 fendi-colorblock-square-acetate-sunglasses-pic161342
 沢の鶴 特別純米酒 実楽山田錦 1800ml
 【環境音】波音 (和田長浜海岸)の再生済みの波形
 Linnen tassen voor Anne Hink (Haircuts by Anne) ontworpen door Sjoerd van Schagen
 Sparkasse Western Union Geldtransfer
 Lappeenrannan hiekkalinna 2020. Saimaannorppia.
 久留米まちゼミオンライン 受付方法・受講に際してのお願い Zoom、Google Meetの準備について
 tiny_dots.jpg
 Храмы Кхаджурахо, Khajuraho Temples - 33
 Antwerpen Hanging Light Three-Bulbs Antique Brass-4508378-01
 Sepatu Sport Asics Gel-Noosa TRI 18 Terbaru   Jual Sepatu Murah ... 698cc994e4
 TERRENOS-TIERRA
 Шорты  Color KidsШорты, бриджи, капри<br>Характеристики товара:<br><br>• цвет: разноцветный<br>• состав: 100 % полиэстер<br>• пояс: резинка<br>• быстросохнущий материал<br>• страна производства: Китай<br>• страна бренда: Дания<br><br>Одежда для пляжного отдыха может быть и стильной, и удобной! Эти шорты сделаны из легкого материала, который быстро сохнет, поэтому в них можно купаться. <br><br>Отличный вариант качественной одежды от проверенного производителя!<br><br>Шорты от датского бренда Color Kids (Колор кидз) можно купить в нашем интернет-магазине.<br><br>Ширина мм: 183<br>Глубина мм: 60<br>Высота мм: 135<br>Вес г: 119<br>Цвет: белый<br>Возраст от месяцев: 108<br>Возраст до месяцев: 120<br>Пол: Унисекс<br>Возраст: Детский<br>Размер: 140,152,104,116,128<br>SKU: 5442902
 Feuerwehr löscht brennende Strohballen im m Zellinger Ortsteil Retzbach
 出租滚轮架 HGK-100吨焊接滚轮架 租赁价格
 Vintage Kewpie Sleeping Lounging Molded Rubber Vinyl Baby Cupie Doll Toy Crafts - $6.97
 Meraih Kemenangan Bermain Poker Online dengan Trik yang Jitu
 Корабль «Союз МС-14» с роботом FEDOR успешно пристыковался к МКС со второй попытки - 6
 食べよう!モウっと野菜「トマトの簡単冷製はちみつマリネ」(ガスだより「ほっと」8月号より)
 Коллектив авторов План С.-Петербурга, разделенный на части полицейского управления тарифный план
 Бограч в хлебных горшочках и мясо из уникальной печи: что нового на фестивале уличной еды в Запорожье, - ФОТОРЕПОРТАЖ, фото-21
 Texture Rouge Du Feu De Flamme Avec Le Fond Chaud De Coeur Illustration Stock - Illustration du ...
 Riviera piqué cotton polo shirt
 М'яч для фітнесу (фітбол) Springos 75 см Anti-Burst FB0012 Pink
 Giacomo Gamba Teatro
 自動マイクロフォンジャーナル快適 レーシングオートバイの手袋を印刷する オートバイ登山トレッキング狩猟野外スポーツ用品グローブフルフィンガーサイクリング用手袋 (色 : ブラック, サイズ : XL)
______________________________
Would you copy the whole listing exactly?

 fendi-colorblock-square-acetate-sunglasses-pic161342
 沢の鶴 特別純米酒 実楽山田錦 1800ml
 【環境音】波音 (和田長浜海岸)の再生済みの波形
 Linnen tassen voor Anne Hink (Haircuts by Anne) ontworpen door Sjoerd van Schagen
 Sparkasse Western Union Geldtransfer
 Lappeenrannan hiekkalinna 2020. Saimaannorppia.
 久留米まちゼミオンライン 受付方法・受講に際してのお願い Zoom、Google Meetの準備について
 tiny_dots.jpg
 Храмы Кхаджурахо, Khajuraho Temples - 33
 Antwerpen Hanging Light Three-Bulbs Antique Brass-4508378-01
 Sepatu Sport Asics Gel-Noosa TRI 18 Terbaru   Jual Sepatu Murah ... 698cc994e4
 TERRENOS-TIERRA
 Шорты  Color KidsШорты, бриджи, капри<br>Характеристики товара:<br><br>• цвет: разноцветный<br>• состав: 100 % полиэстер<br>• пояс: резинка<br>• быстросохнущий материал<br>• страна производства: Китай<br>• страна бренда: Дания<br><br>Одежда для пляжного отдыха может быть и стильной, и удобной! Эти шорты сделаны из легкого материала, который быстро сохнет, поэтому в них можно купаться. <br><br>Отличный вариант качественной одежды от проверенного производителя!<br><br>Шорты от датского бренда Color Kids (Колор кидз) можно купить в нашем интернет-магазине.<br><br>Ширина мм: 183<br>Глубина мм: 60<br>Высота мм: 135<br>Вес г: 119<br>Цвет: белый<br>Возраст от месяцев: 108<br>Возраст до месяцев: 120<br>Пол: Унисекс<br>Возраст: Детский<br>Размер: 140,152,104,116,128<br>SKU: 5442902
 Feuerwehr löscht brennende Strohballen im m Zellinger Ortsteil Retzbach
 出租滚轮架 HGK-100吨焊接滚轮架 租赁价格
 Vintage Kewpie Sleeping Lounging Molded Rubber Vinyl Baby Cupie Doll Toy Crafts - $6.97
 Meraih Kemenangan Bermain Poker Online dengan Trik yang Jitu
 Корабль «Союз МС-14» с роботом FEDOR успешно пристыковался к МКС со второй попытки - 6
 食べよう!モウっと野菜「トマトの簡単冷製はちみつマリネ」(ガスだより「ほっと」8月号より)
 Коллектив авторов План С.-Петербурга, разделенный на части полицейского управления тарифный план
 Бограч в хлебных горшочках и мясо из уникальной печи: что нового на фестивале уличной еды в Запорожье, - ФОТОРЕПОРТАЖ, фото-21
 Texture Rouge Du Feu De Flamme Avec Le Fond Chaud De Coeur Illustration Stock - Illustration du ...
 Riviera piqué cotton polo shirt
 М'яч для фітнесу (фітбол) Springos 75 см Anti-Burst FB0012 Pink
 Giacomo Gamba Teatro
 自動マイクロフォンジャーナル快適 レーシングオートバイの手袋を印刷する オートバイ登山トレッキング狩猟野外スポーツ用品グローブフルフィンガーサイクリング用手袋 (色 : ブラック, サイズ : XL)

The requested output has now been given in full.